Sparklines
chartAlso known as: sparkline, inline chart, word-sized graphic, spark chart
Description
A sparkline is a small, high-resolution graphic embedded inline with text or data. Coined and popularized by Edward Tufte in Beautiful Evidence (2006), sparklines are “data-intense, design-simple, word-sized graphics.” They strip away axes, labels, gridlines, and legends — everything except the data line itself — to create a visual that fits naturally within a sentence, table cell, or dashboard tile.
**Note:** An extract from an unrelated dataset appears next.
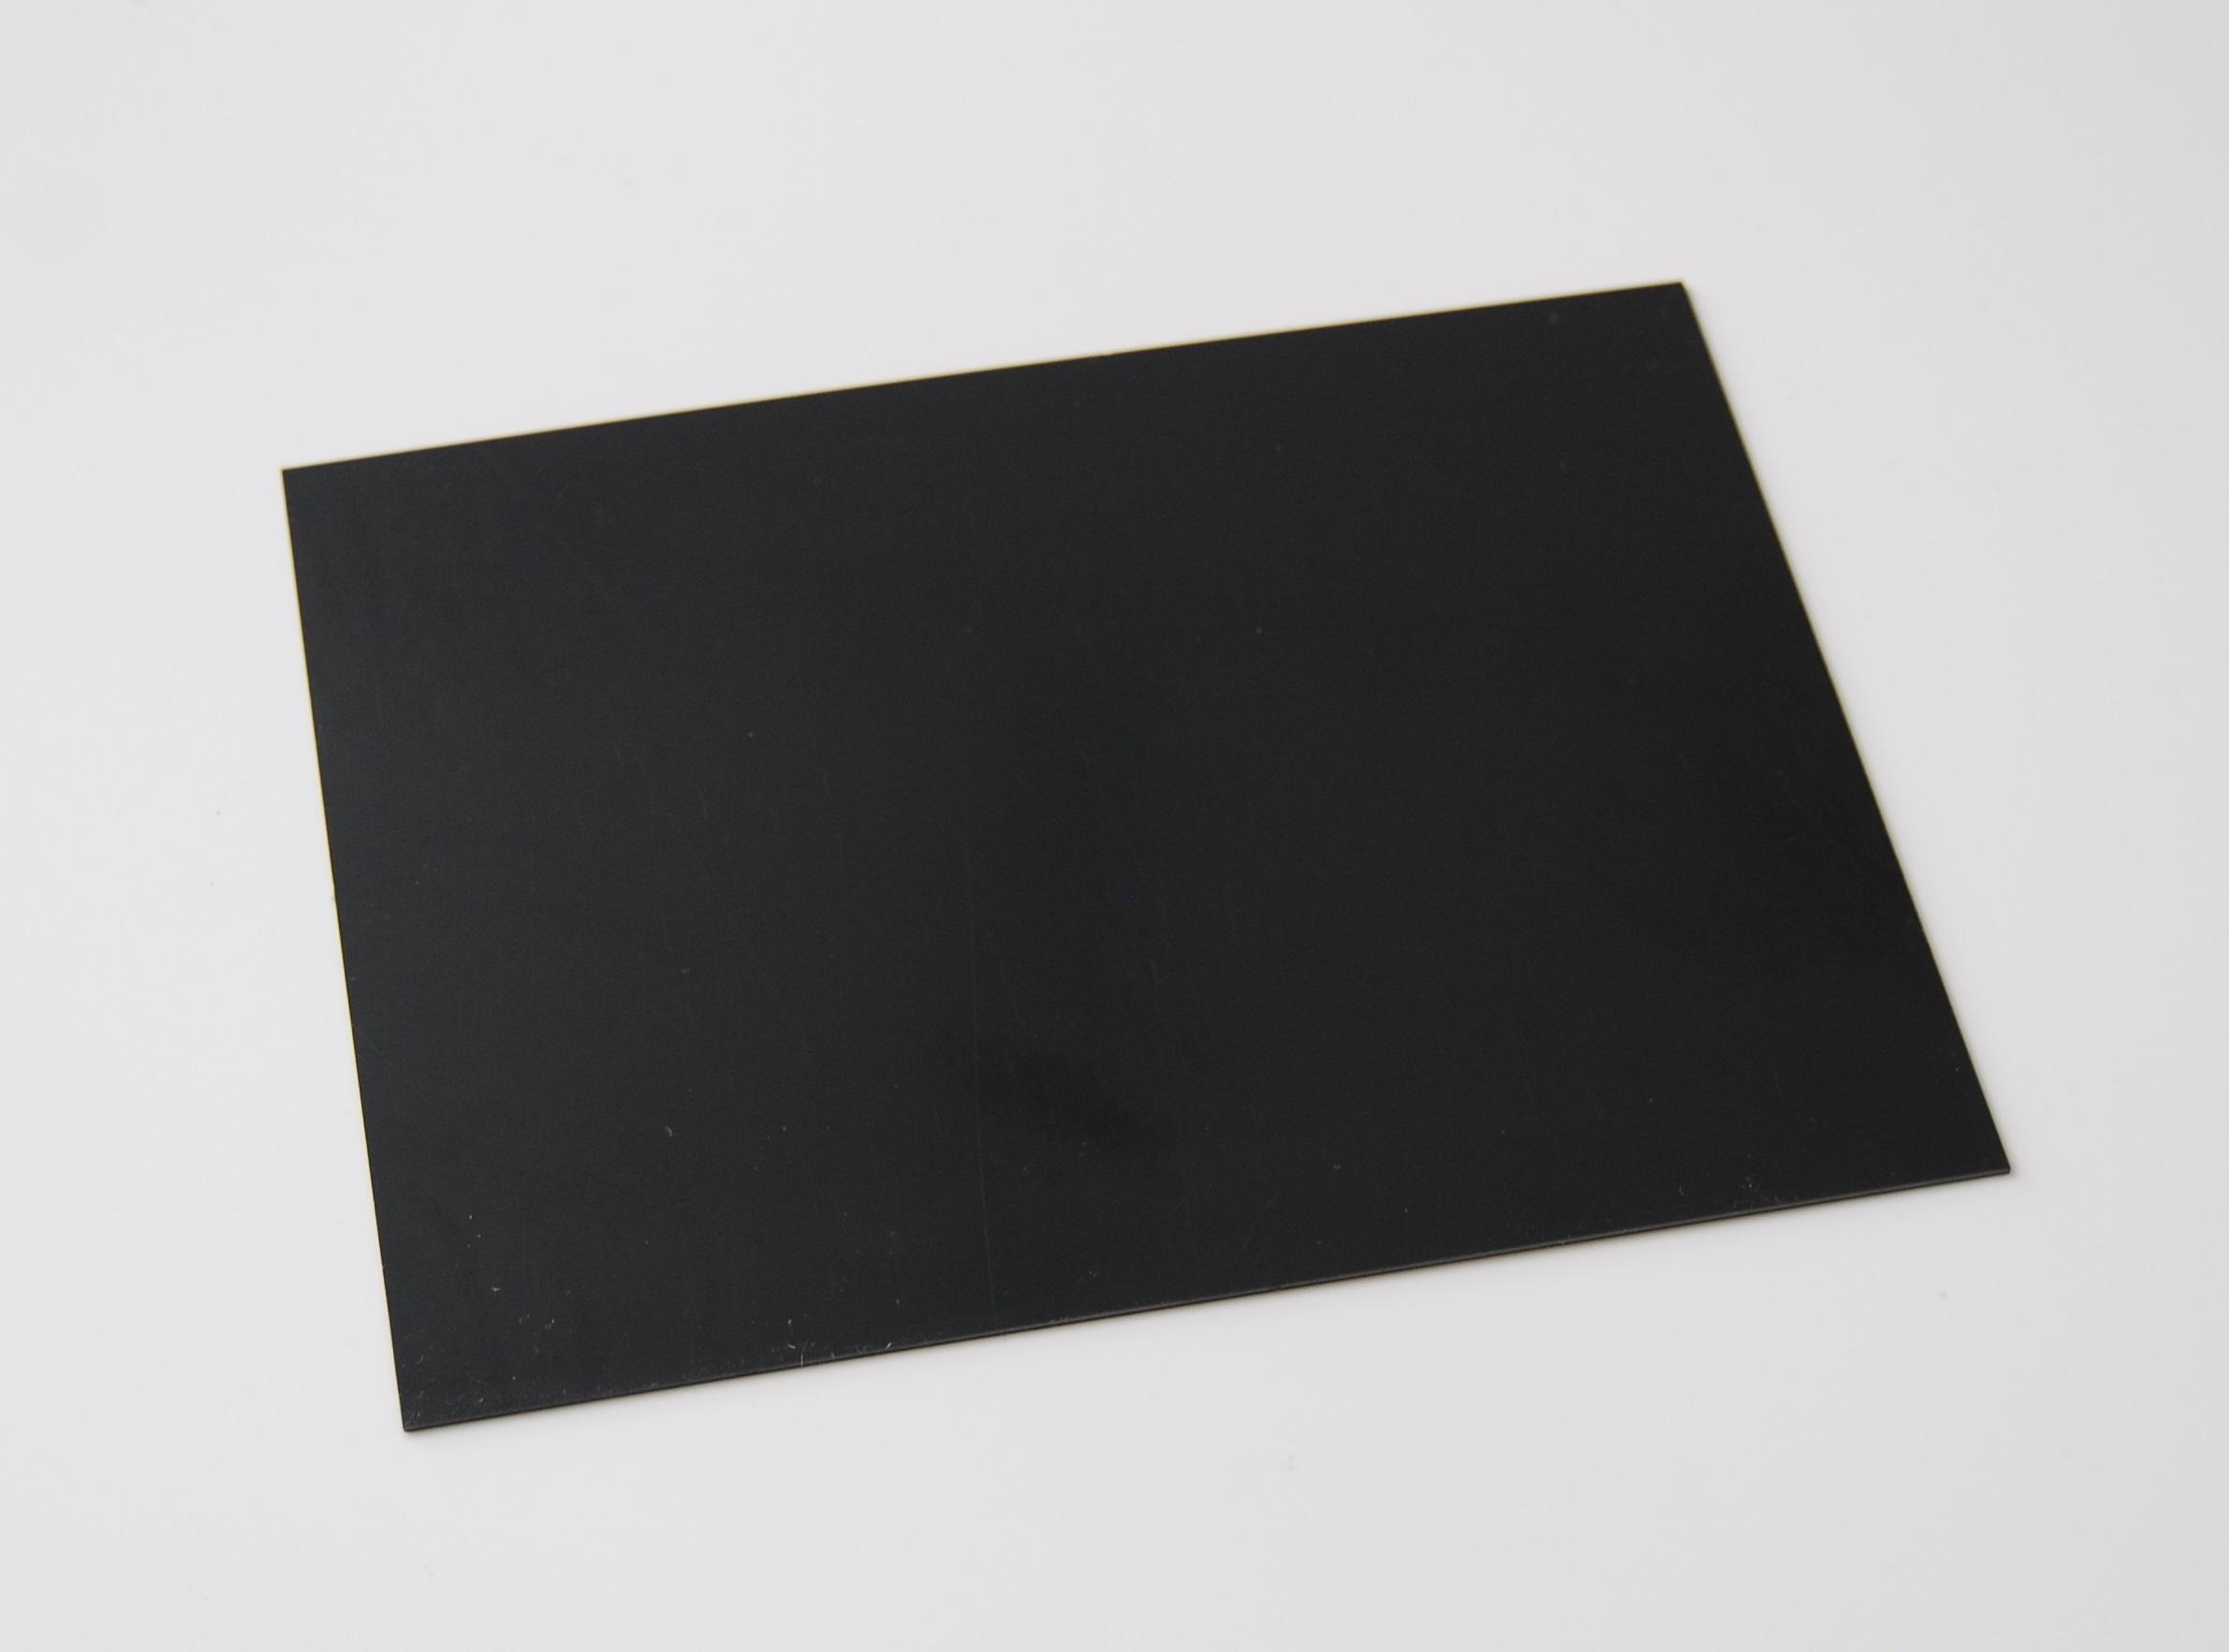 polystyrol tafel schwarz 2000 x 1000 mm. Black Bedroom Furniture Sets. Home Design Ideas

Despite their minimal size, sparklines are remarkably informative. A simple line sparkline communicates the general trend (rising, falling, cyclical), volatility (smooth vs. jagged), and approximate range of a time series. When placed in a table column alongside numerical data, sparklines add a temporal dimension that would otherwise require readers to scan multiple rows and mentally reconstruct trends.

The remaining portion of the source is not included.